Work task:
Without the images, repeat every line of the listing verbatim.

Supplied information:
^^^^

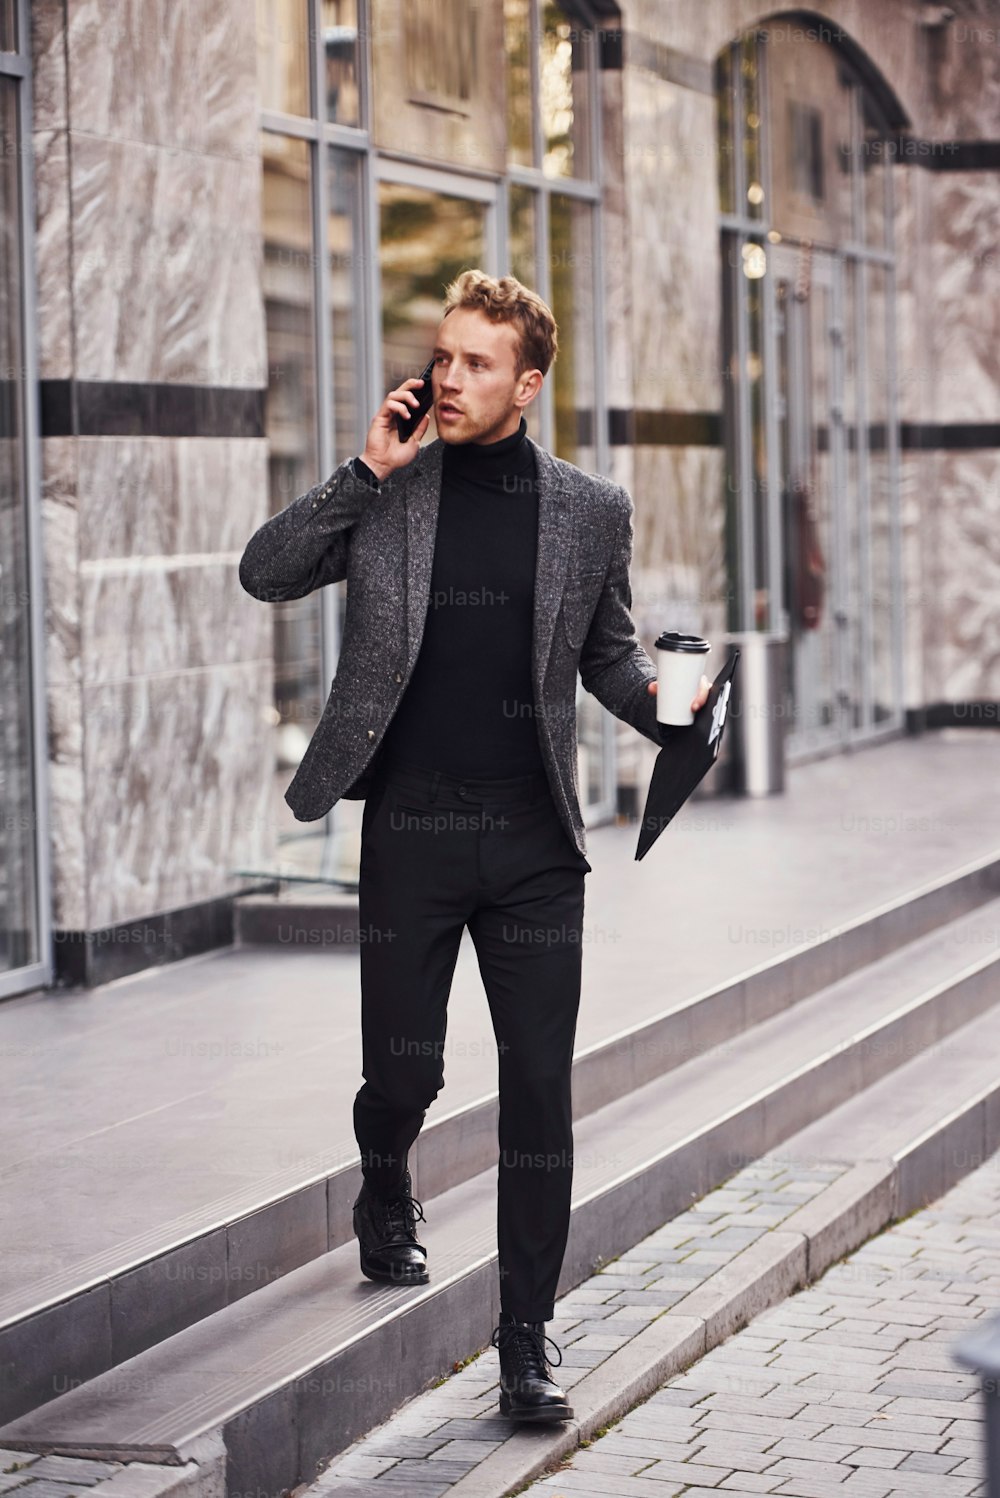 우아한 정장을 입고 음료수 한 잔과 메모장을 손에 들고 있는 남자는 현대적인 건물에 맞서 전화로 대화를 나눕니다.
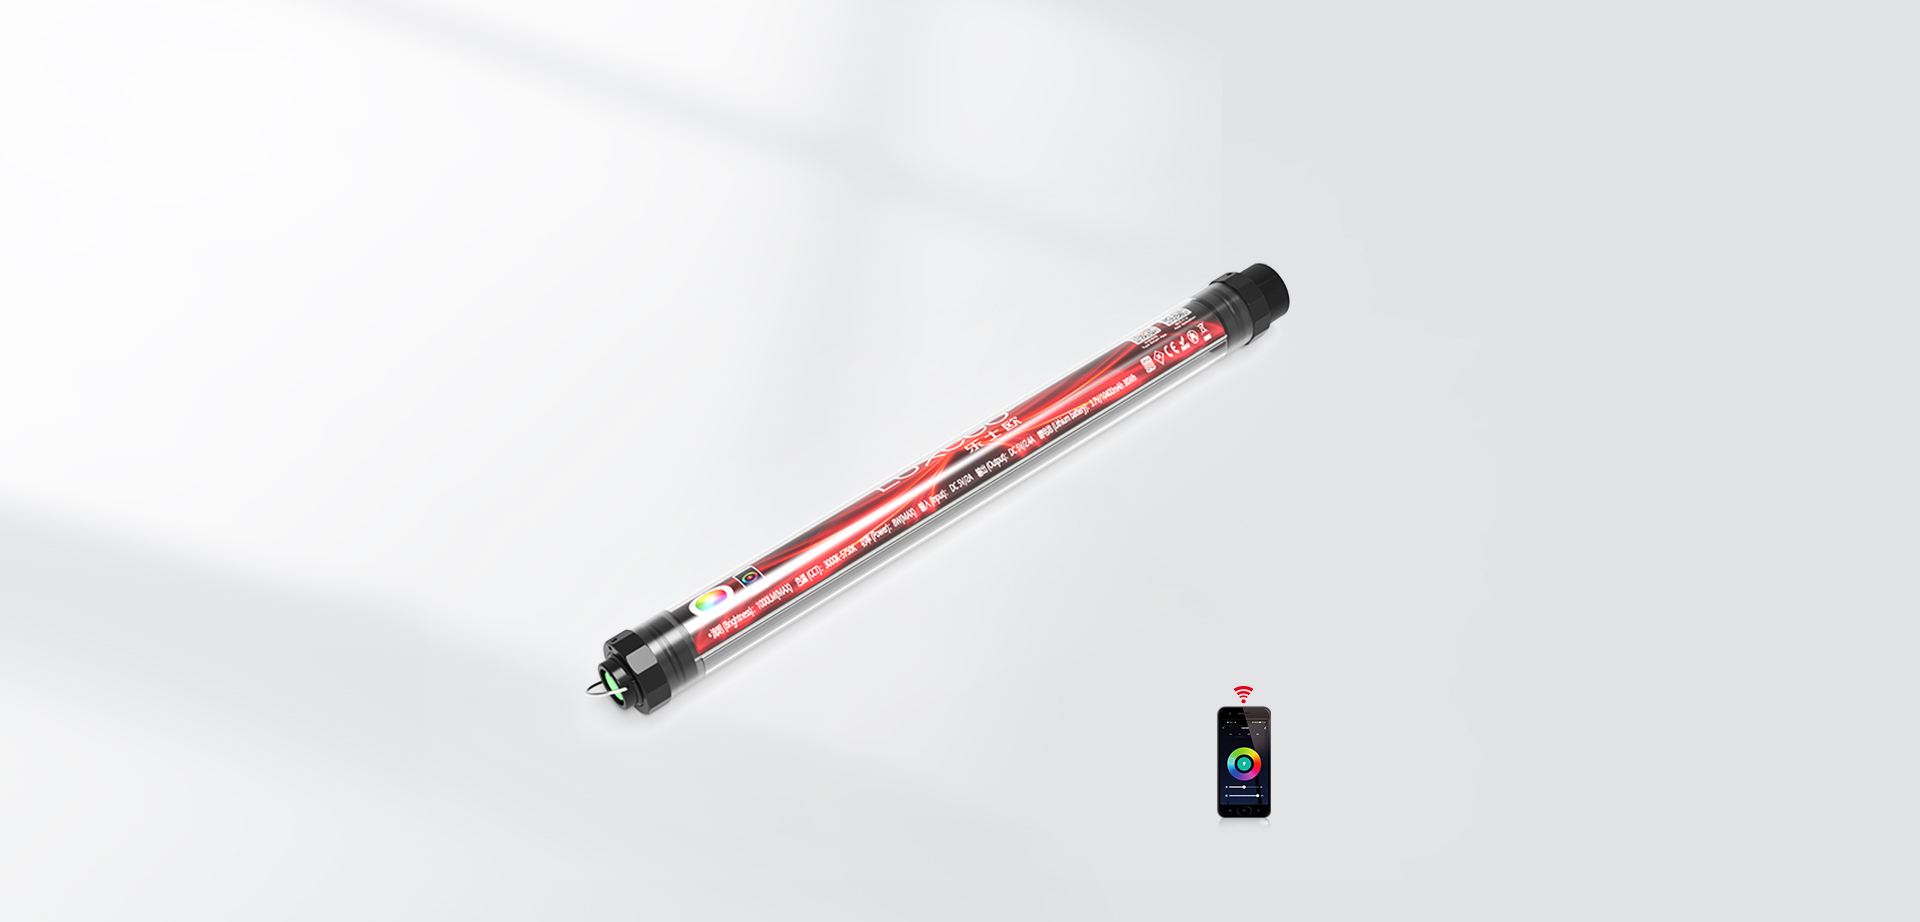 P7RGB Pro LED Waterproof light stick
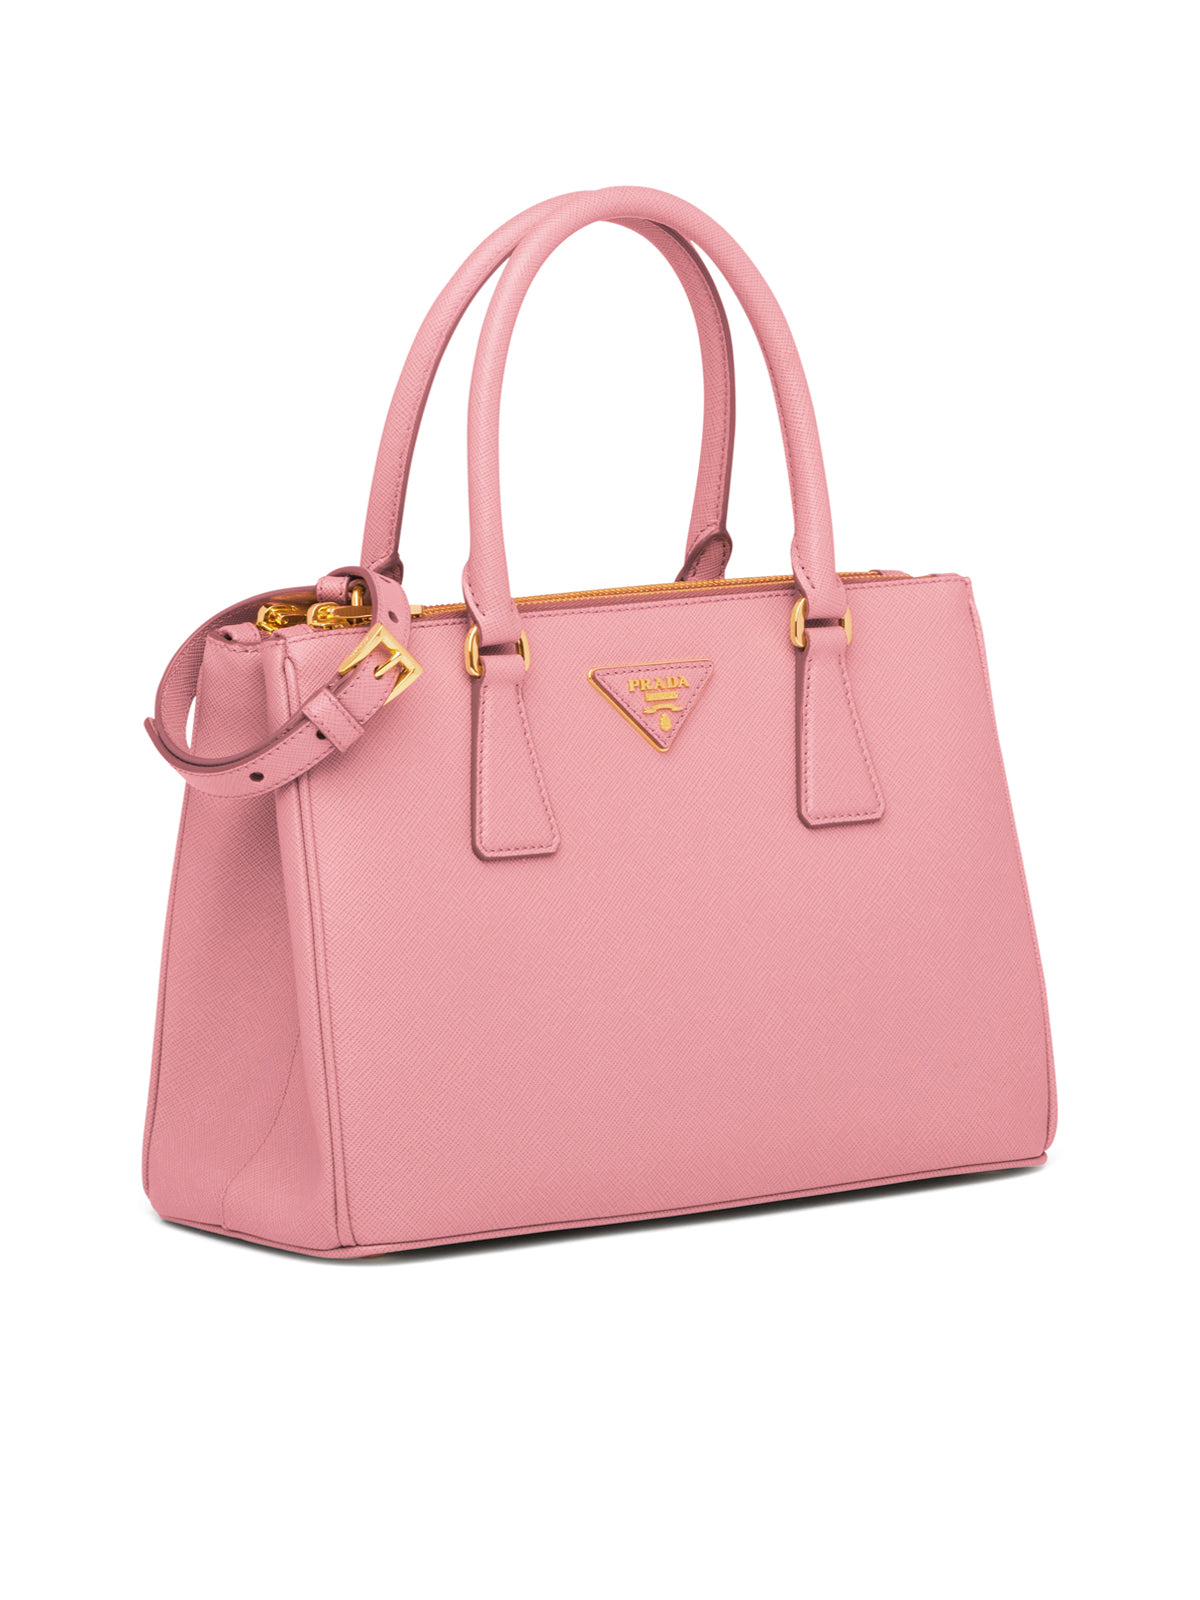 Prada Galleria bag in powder pink  Bags, Leather handbags, Prada

^^^^

Solution to this problem:
 우아한 정장을 입고 음료수 한 잔과 메모장을 손에 들고 있는 남자는 현대적인 건물에 맞서 전화로 대화를 나눕니다.
 P7RGB Pro LED Waterproof light stick
 Prada Galleria bag in powder pink  Bags, Leather handbags, Prada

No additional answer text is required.